On a project build, the tokens of the completeIndex are simply all removed (to be recalculated when some action that needs it is called). As for the maps, those are always kept up to date when a file is changed. The strategy for having it build fast is that the in-memory cache is directly updated (which is reasonably fast) and instead of saving the whole map it just saves the delta information and when restoring the info, those deltas are applied to have it in the last state (and from time to time it does dump the whole structure and removes the deltas). Also, it runs in a separate thread (not actually in the thread that's doing the build, and a singleton: RunnableAsJobsPoolThread, makes sure than only some of those, depending on the number of processors in your machine, are running at the same time, so, if you change 200 files at once, your computer won't come to a halt).
* Context sensitive completion:This is by far the most complex completion available as it analyzes the context where you're requesting a completion and provides tokens based on it. Basically, PyDev has an internal type-inference engine to do that (which is also used by actions such as find definition or TDD actions such as create method).
Internally it uses an LRU structure which maps module names to the module AST (Abstract Syntax Tree) and in a pretty recursive algorithm finds out about the available tokens needed for a given context and provides completions based on that (thankfully it has a huge amount of unit tests holding it all together). That process starts in PyCodeCompletion.getCodeCompletionProposals(ITextViewer, CompletionRequest) and the type inference engine main classes are: ASTManager and ProjectModulesManager.

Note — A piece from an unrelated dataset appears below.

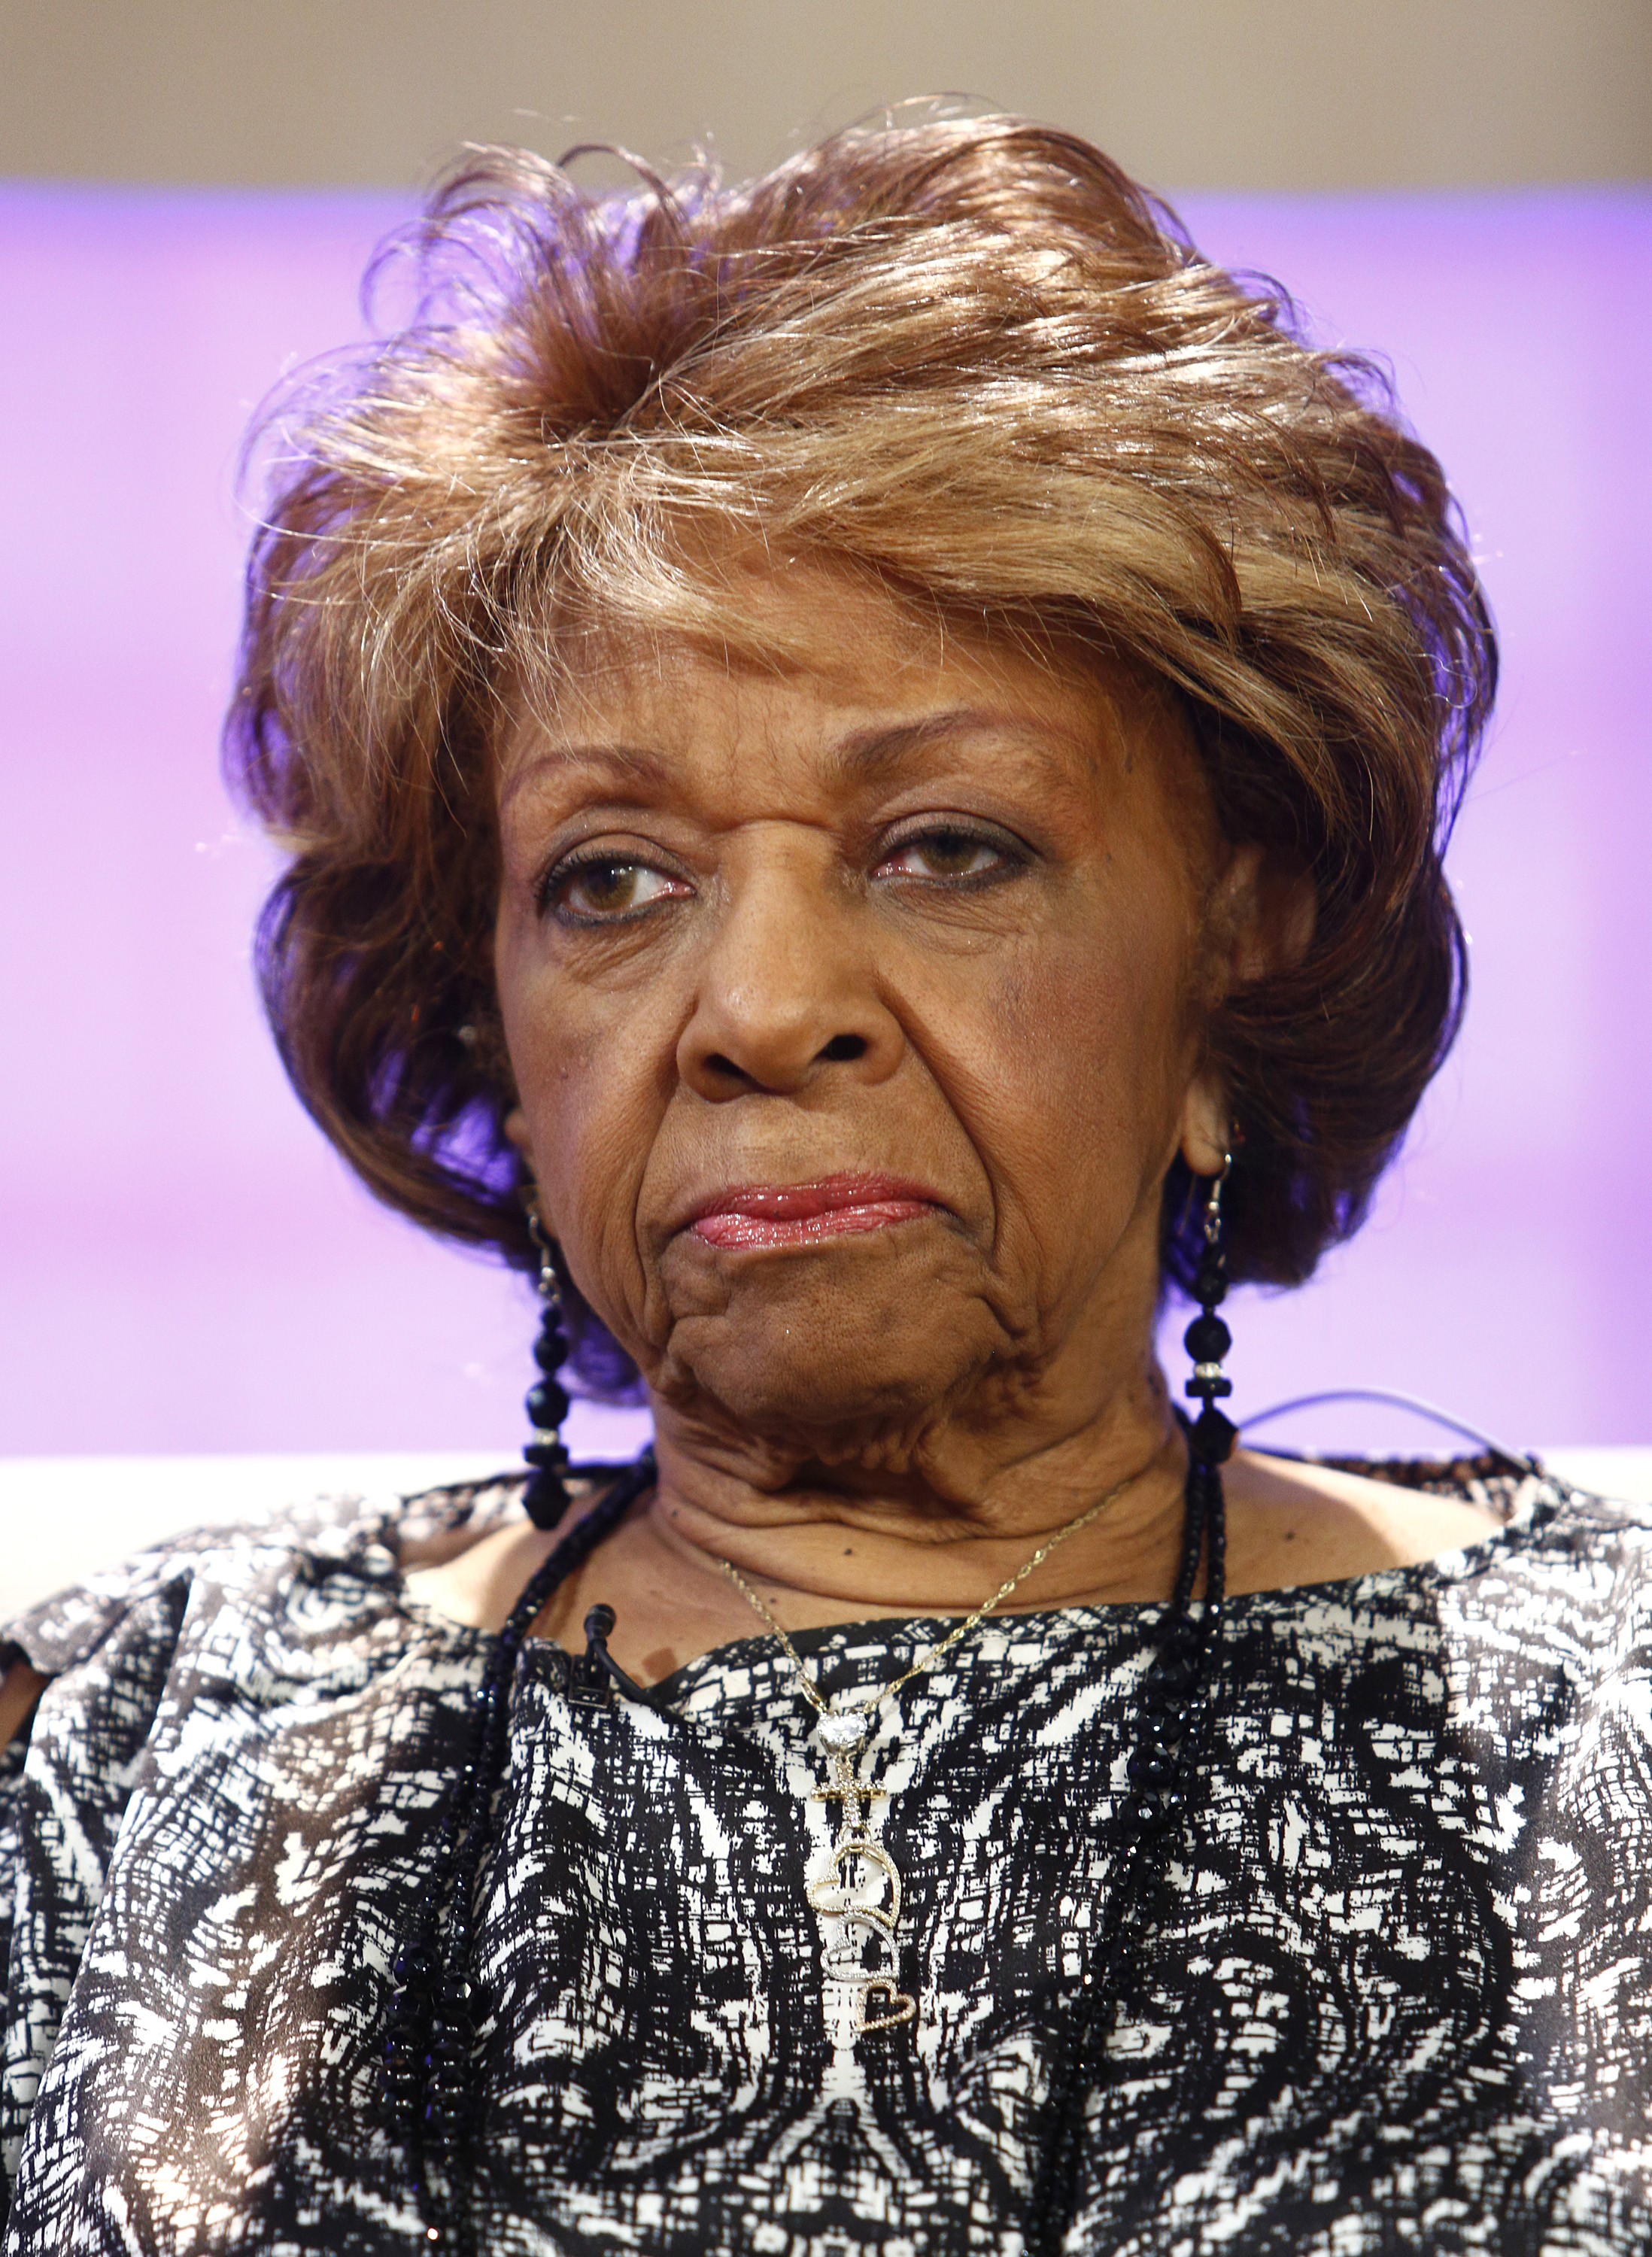 Cissy Houston on the "Today" show in 2013 | Source: Getty Images

On some occasions some modules may be pretty hard to analyze, in which case PyDev resorts to launching a shell and querying it for the needed tokens (those are pre-specified as in window > preferences > PyDev > Interpreter > Forced Builtins, and the communication happens in the java side through the AbstractShell class) -- it's also probably one of the main reasons of problems when configuring PyDev, as it's common to have a firewall blocking that communication (in which case PyDev wouldn't even be able to get common builtins such as len, object, etc).
On the good side, this also makes it possible for PyDev to analyze .pyd modules (although if you're developing such a module as a part of your project, you have to remember to call
Ctrl+2, kill so that PyDev will kill those shells before you actually build it, otherwise that module will be locked and you won't be able to link it -- and tokens wouldn't be updated).